By Neena Grewal, TIWP Student
Men will fool you and say it is easy to spot a witch by the eyes. Defiant, devilish, dangerous. Lashes brushing their eyelids and pupils shrinking as they freeze their prey, staring every God-fearing citizen in the eye as an equal.
It is not easy to find a witch by searching the eyes of a woman. In fact, it is near impossible, their lids dripping over their bony orbit, softly gazing to the ground with reddened cheeks and meek voice. They are good at lying—it is most imperative to their survival—and so they will not risk looking into a man’s face. No, it is easy to recognize them by their hats.

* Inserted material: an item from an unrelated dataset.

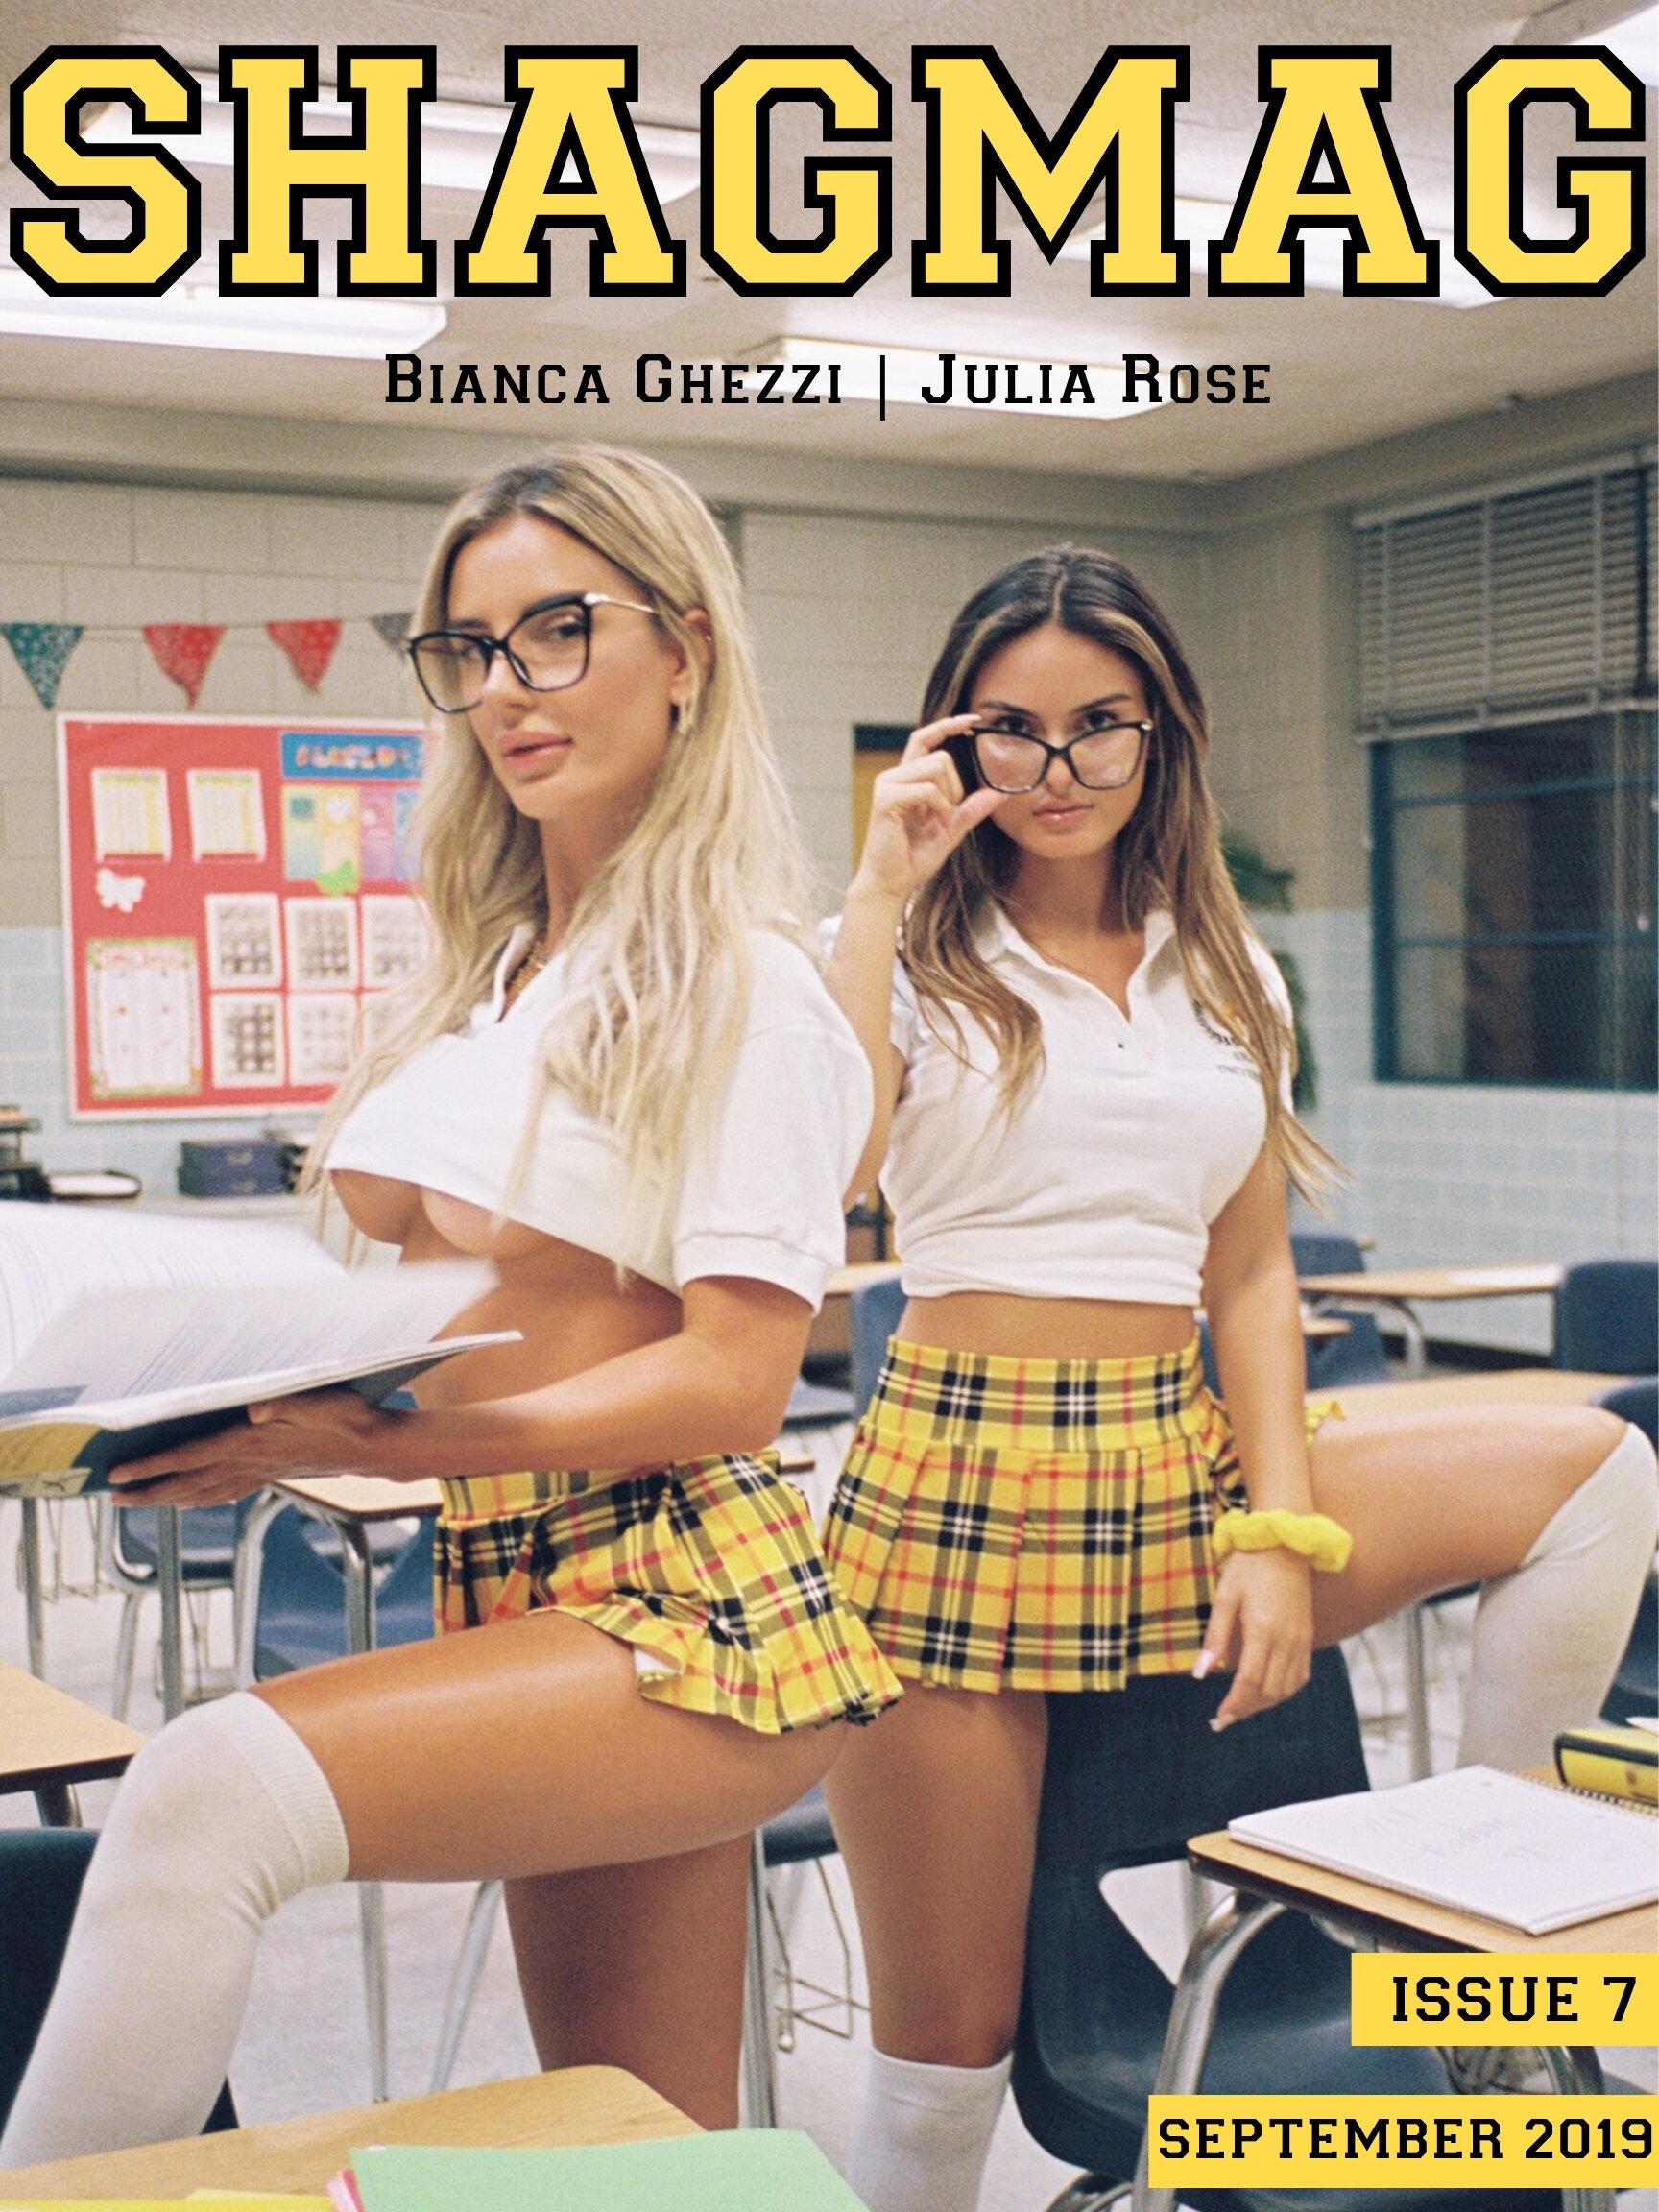 BIANCA GHEZZI - SEPTEMBER 2019 | ISSUE 7

Flat topped, with short brims and fitted well over the crown of their heads. A sash of an expensive weaving, glittering a golden orange the odd days when the sun shines without cloud. A buckle, ranging from ornately carved and freshly polished to rusted shut and barely shining, will rest above their left ear. Gleaming black feathers will be stuffed between the hat and sash, left behind by the ravens who slept upon the flat top when the witch leaves it on the windowsill overnight.
If a man is unsure that the hat marks a witch or simply a fashionable lady, he may resort to her broom. The worn bristles, upon further inspection, will be twigs dressed in pine and cinnamon. The twine coiled tightly around the faces will have a stone woven in, polished from the river or the smooth hands of a jeweler. The handle itself will be glossy, worn through with calloused fingers and slipping through clumsy hands. When it falls, the clatter will not sound—silent as the wind it rides upon.
If a man believes he has found a witch, it will be much too late. For witches know the faces of men, can read the fear painting their brows and pinching their lip. Disregard the meek attitude, disregard the calm appearance.
A final, well earned warning: witches travel in packs. And they are not afraid to rip apart the men who threaten their sisters.